## Activity:
What you return should be only the lines starting at the one that contains "GOD HAND ファッションショッピングセンター盗撮vol.07" and running to the end of the listing, exactly as written, minus any pictures.

## Given material:
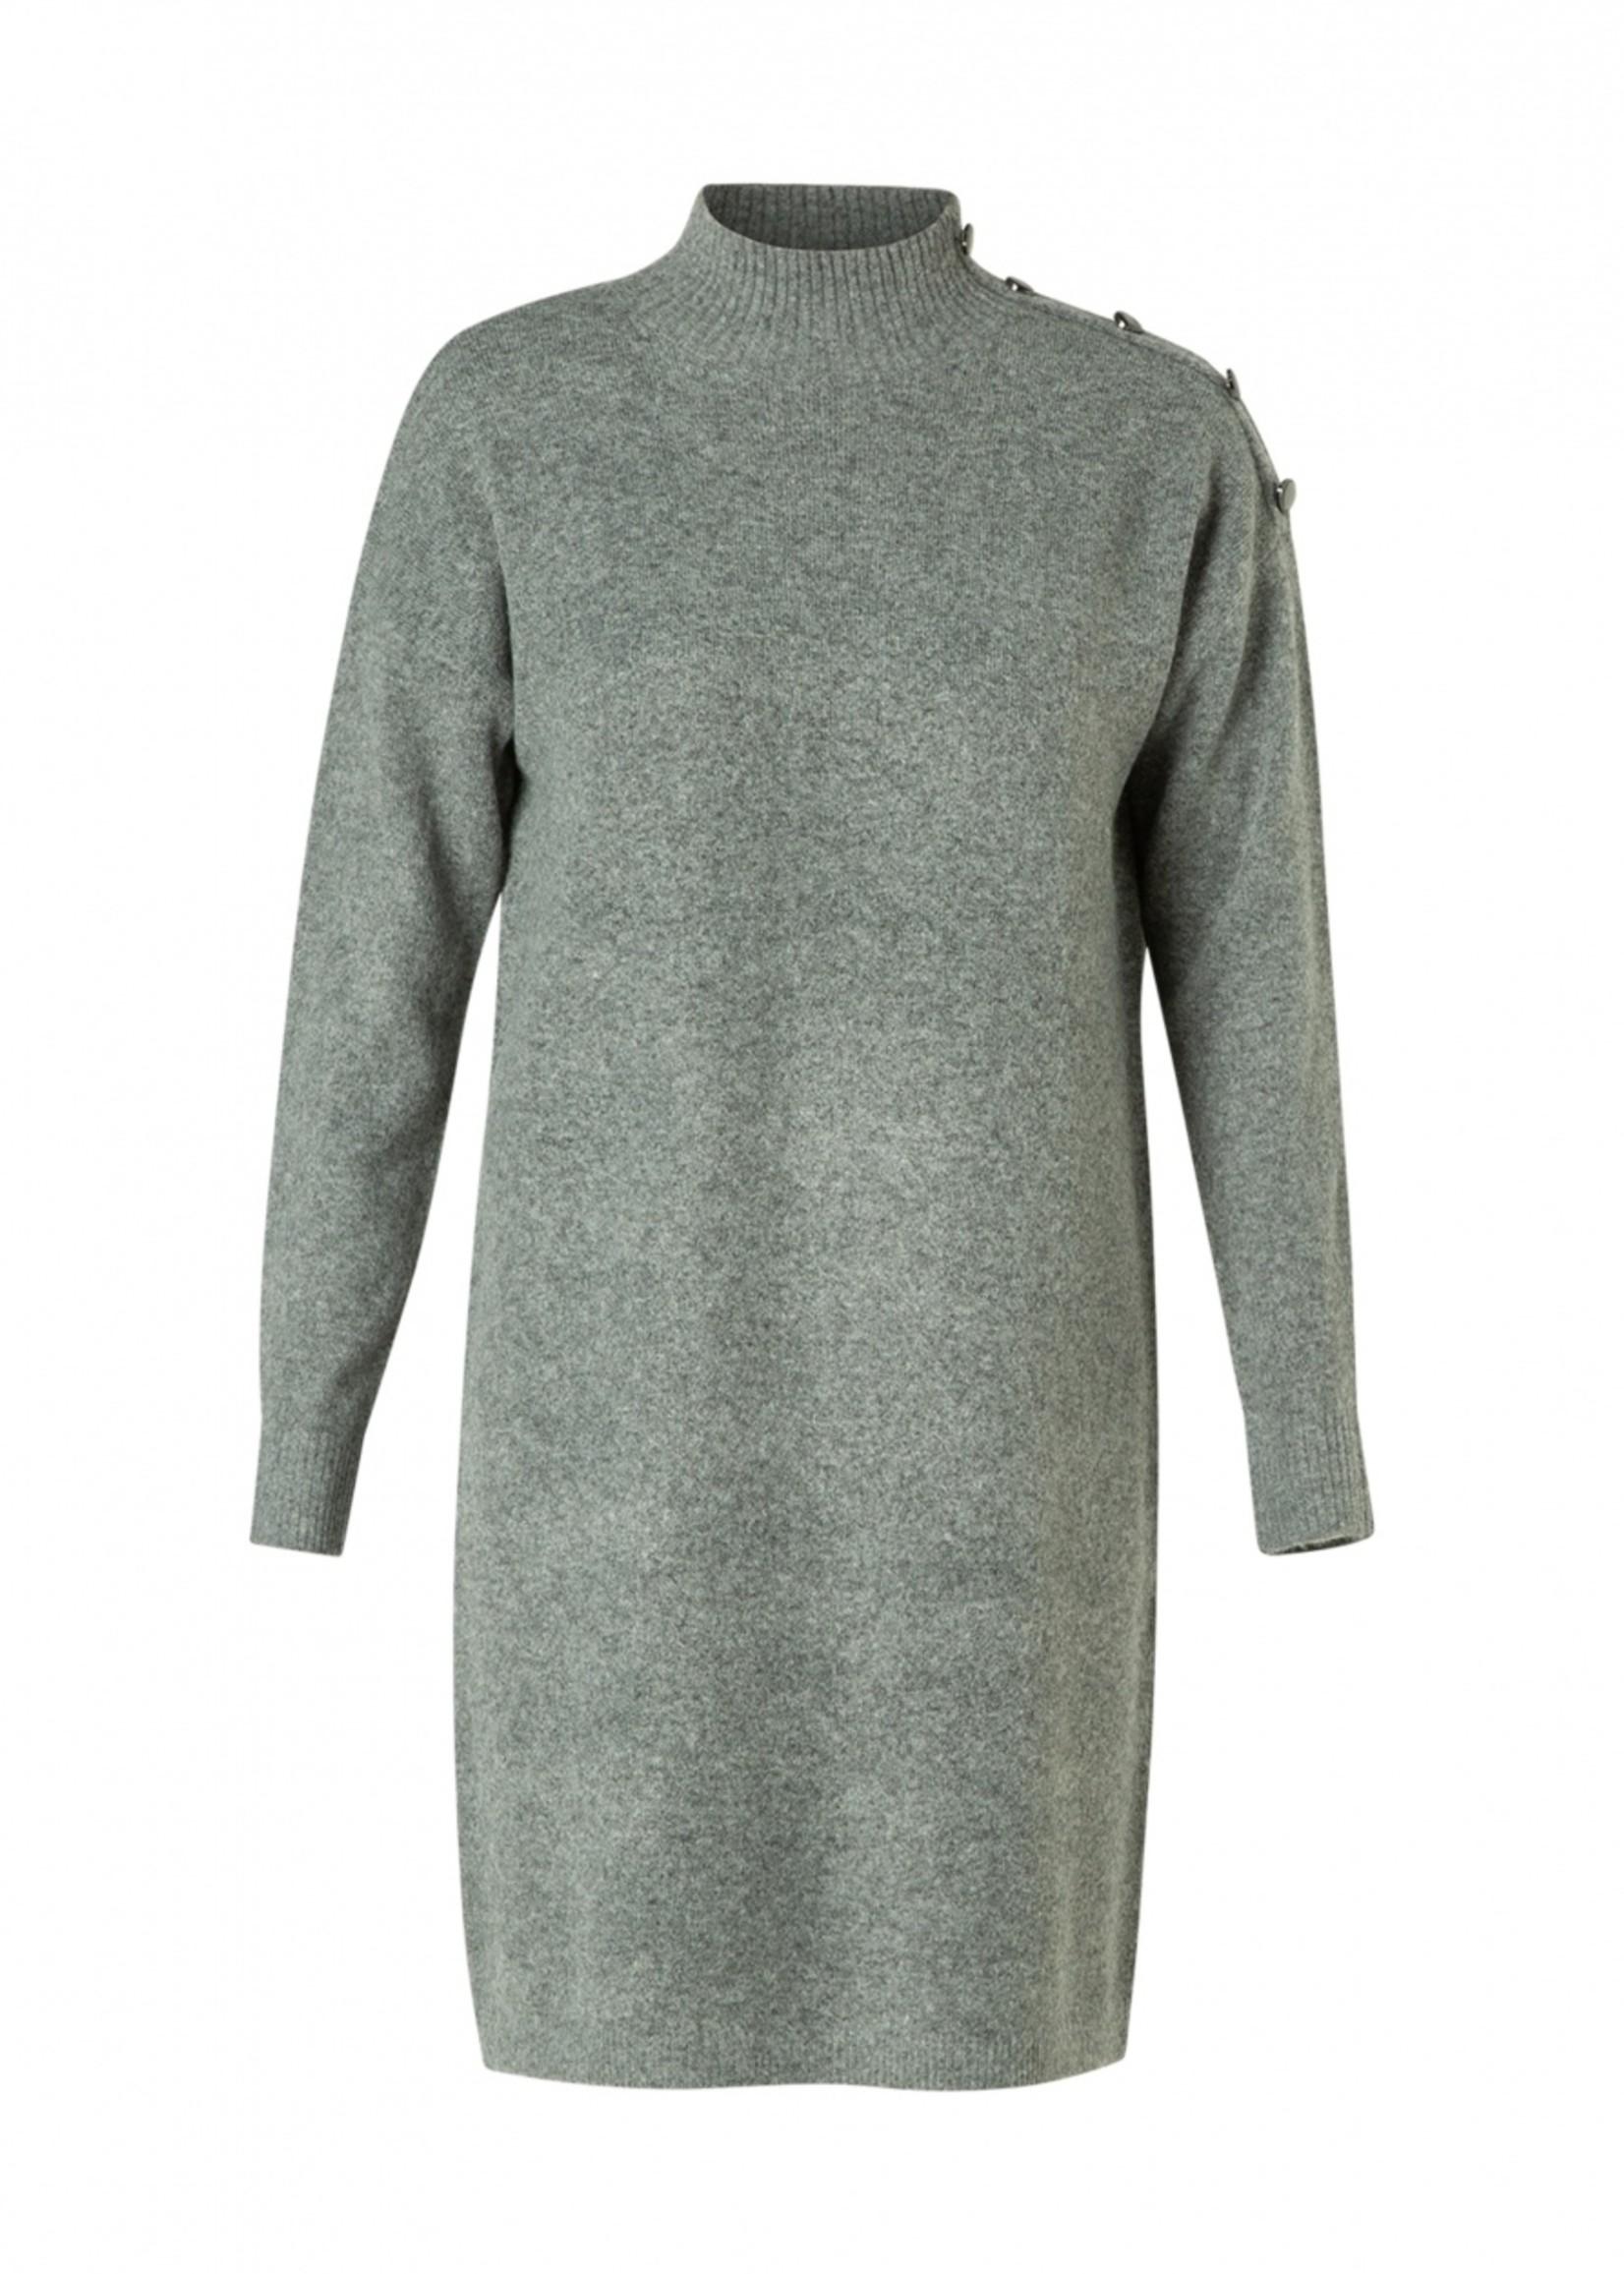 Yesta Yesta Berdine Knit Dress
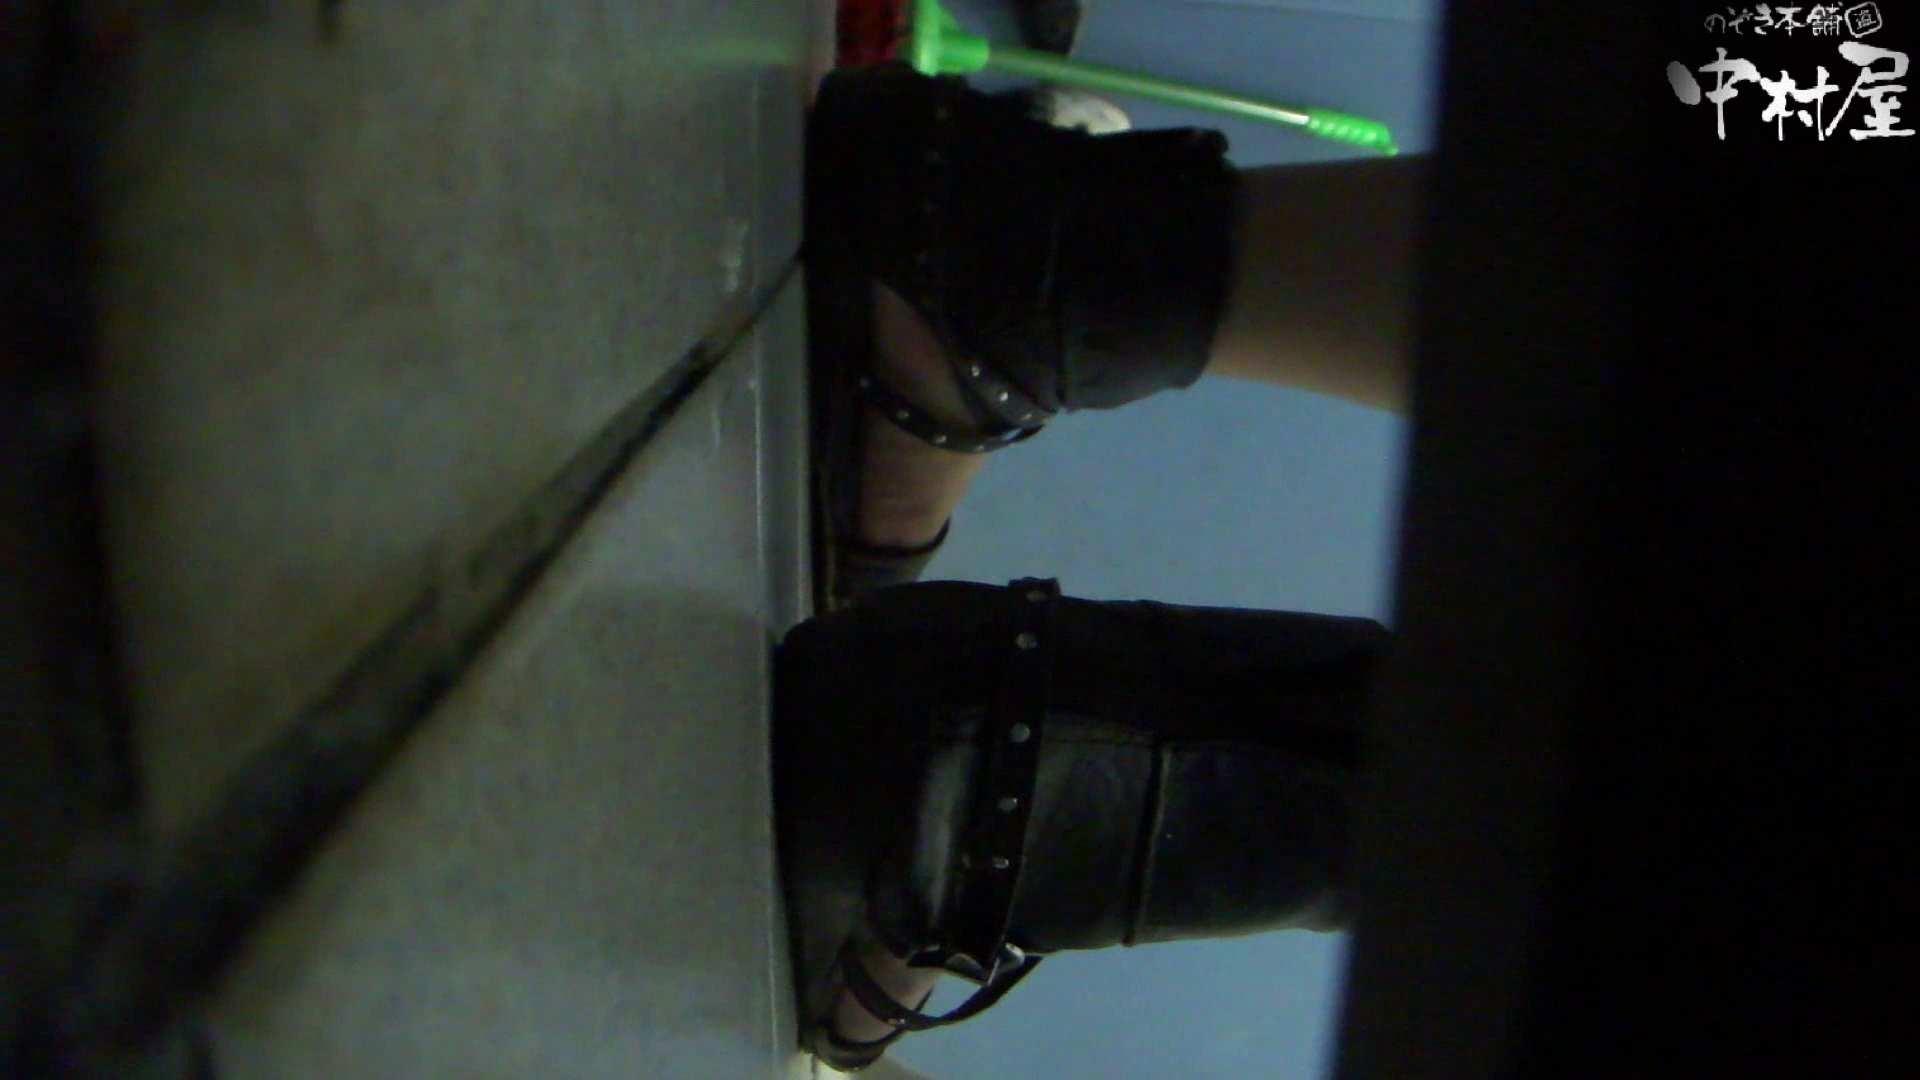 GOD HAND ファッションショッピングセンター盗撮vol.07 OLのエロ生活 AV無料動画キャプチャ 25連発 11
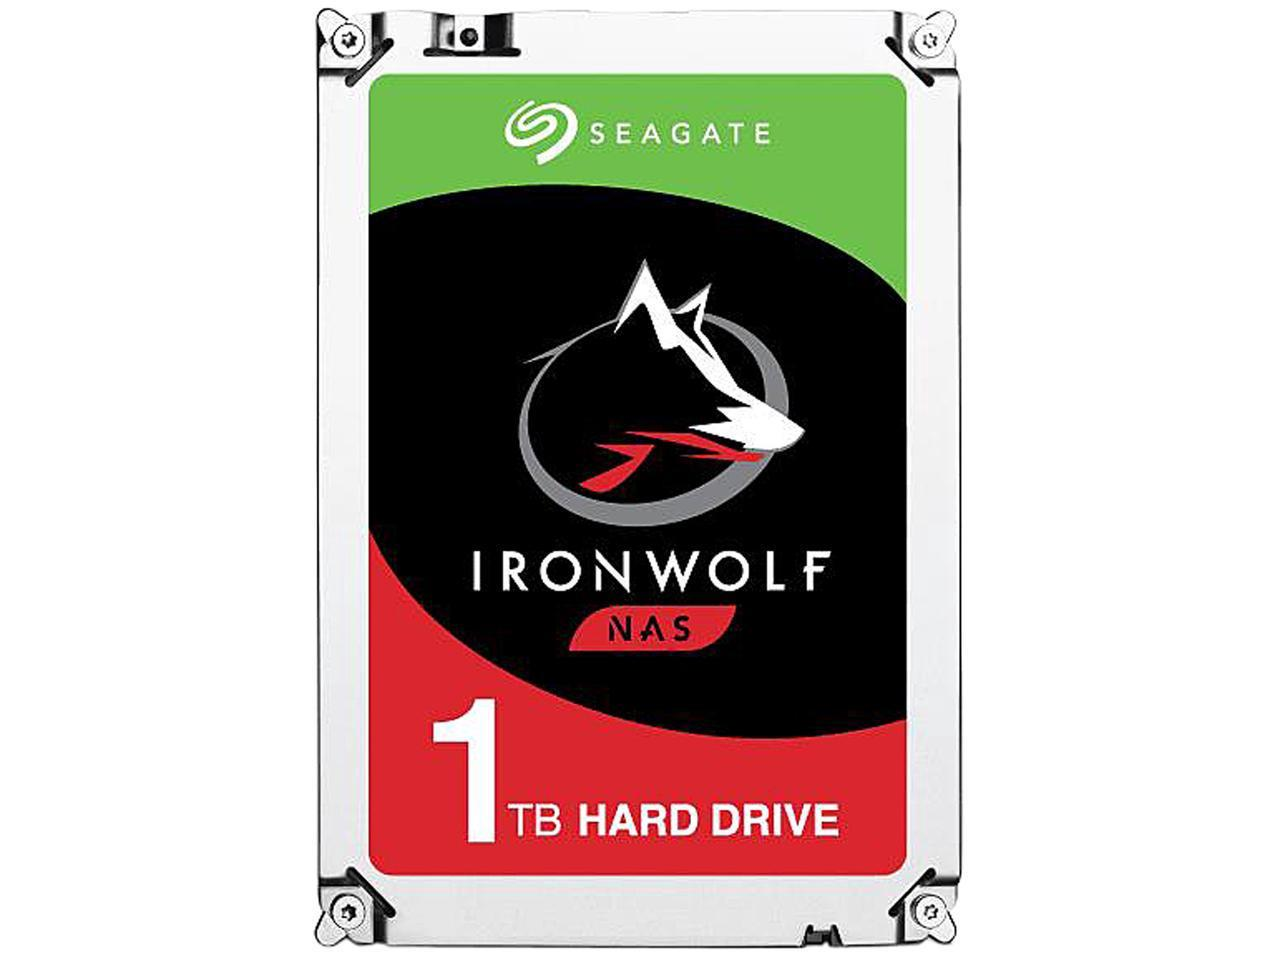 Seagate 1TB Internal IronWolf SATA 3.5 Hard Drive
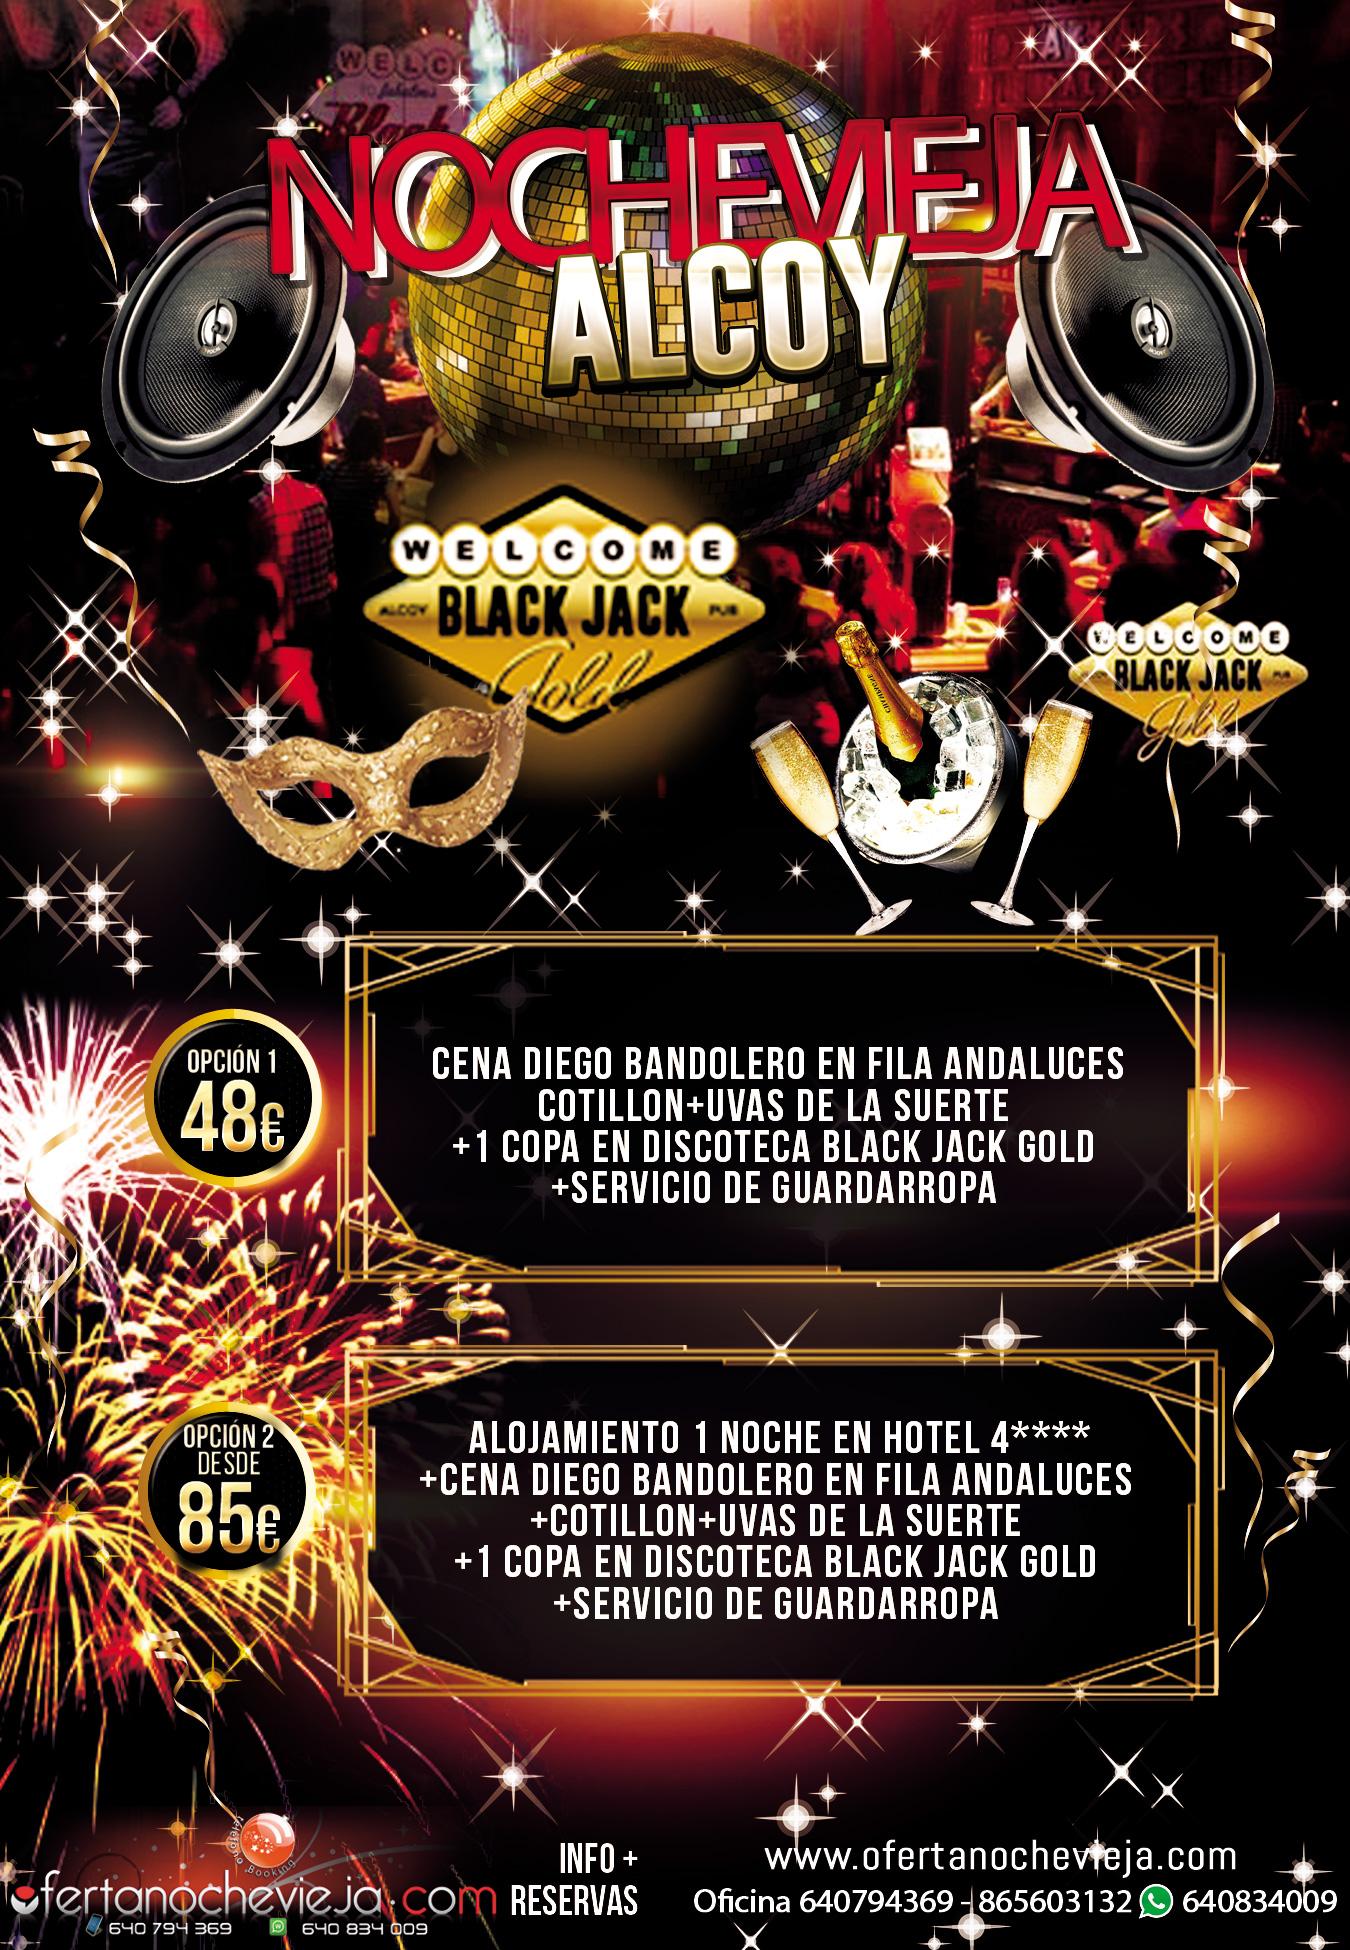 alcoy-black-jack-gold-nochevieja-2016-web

## Result:
 GOD HAND ファッションショッピングセンター盗撮vol.07 OLのエロ生活 AV無料動画キャプチャ 25連発 11
 Seagate 1TB Internal IronWolf SATA 3.5 Hard Drive
 alcoy-black-jack-gold-nochevieja-2016-web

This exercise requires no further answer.